Gold Against Skin
Emily Ratajkowski wearing jewelry is a specific problem, which is that you stop looking at the jewelry. Jacquie Aiche’s work deserves better than that—the pieces are genuinely beautiful, fine gold-and-diamond work that exists in its own register, unhurried and precise—but when Emily is the one wearing it, the hierarchy shifts. She’s wearing a necklace that Aiche named after Elizabeth Taylor, and standing next to that reference without flinching takes a specific kind of presence.
Aiche’s aesthetic sits somewhere between bohemian and serious. Layered gold, embedded stones, pieces that look excavated rather than manufactured. The work doesn’t announce itself. It accumulates, settles into the skin, starts to look like it was always there. It’s the kind of jewelry that attracts people who have strong feelings about jewelry rather than people who just want to signal that they spent money.
I’m basically obsessed with diamonds,
Emily says in an interview with the designer. There’s a necklace Jacquie named the Elizabeth Taylor. It’s so timeless and specific.

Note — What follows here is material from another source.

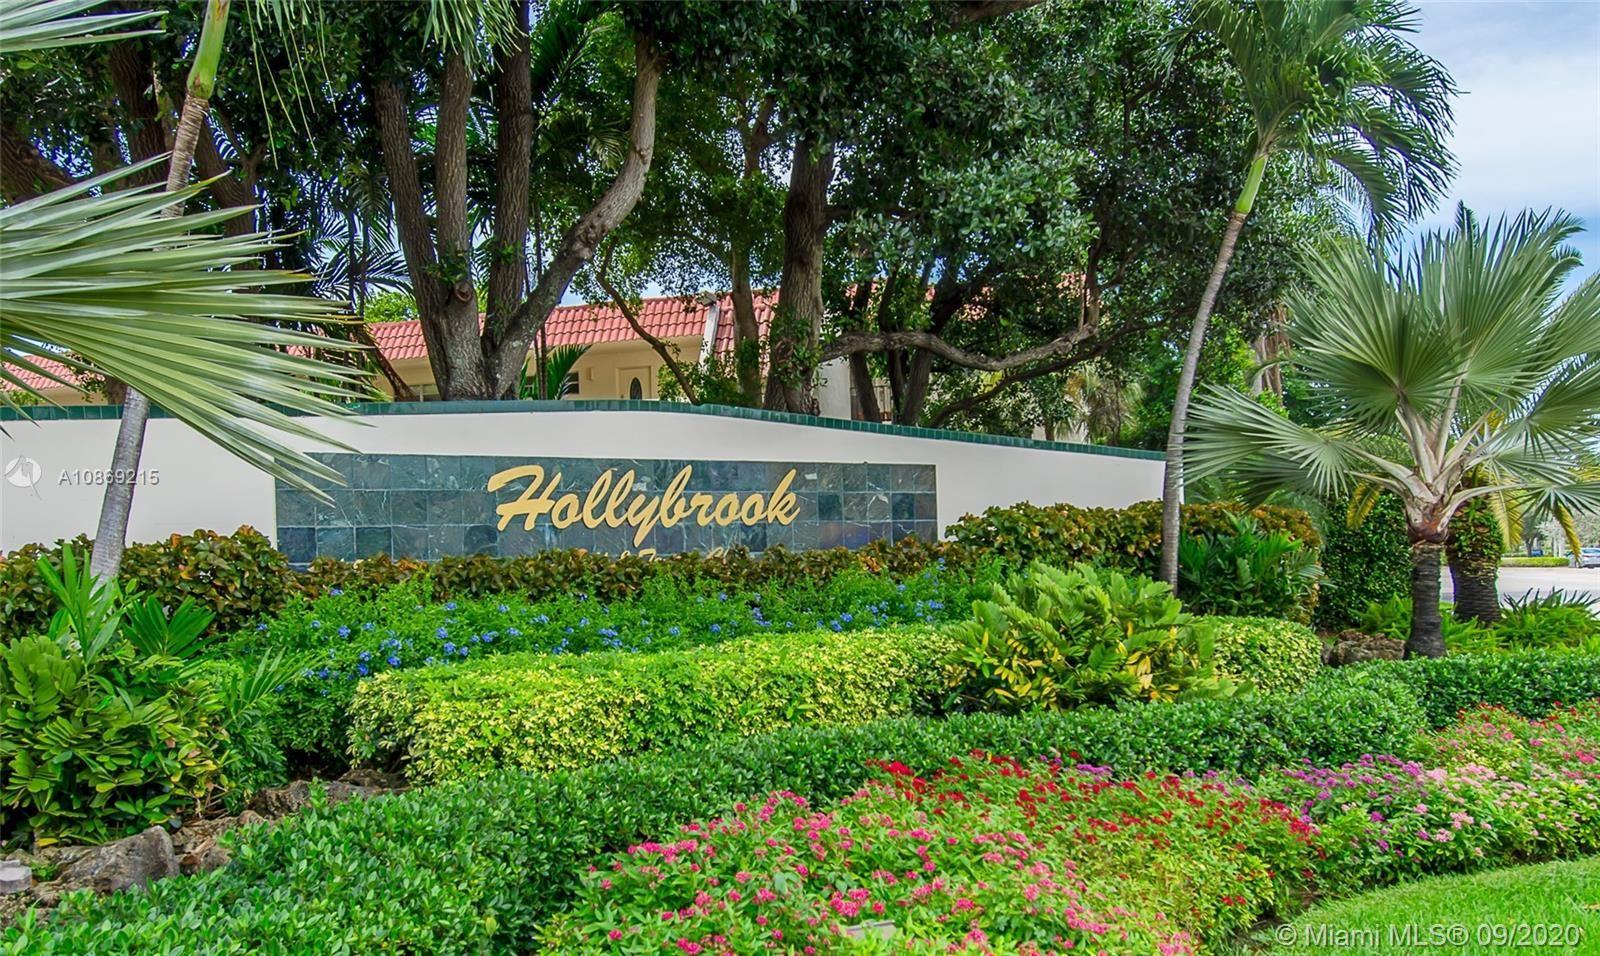 371 S Hollybrook Dr #202, Pembroke Pines, FL 33025 - #: A10869215

I believe the obsession entirely—she wears the conviction the same way she wears the jewelry, as if wanting something openly is simply more efficient than pretending otherwise.
The combination of Ratajkowski and Aiche makes sense in a way that transcends the usual celebrity-brand arrangement. They’re both interested in the same tension: adornment as something worn against the body, not hung over it. The shoot understands that.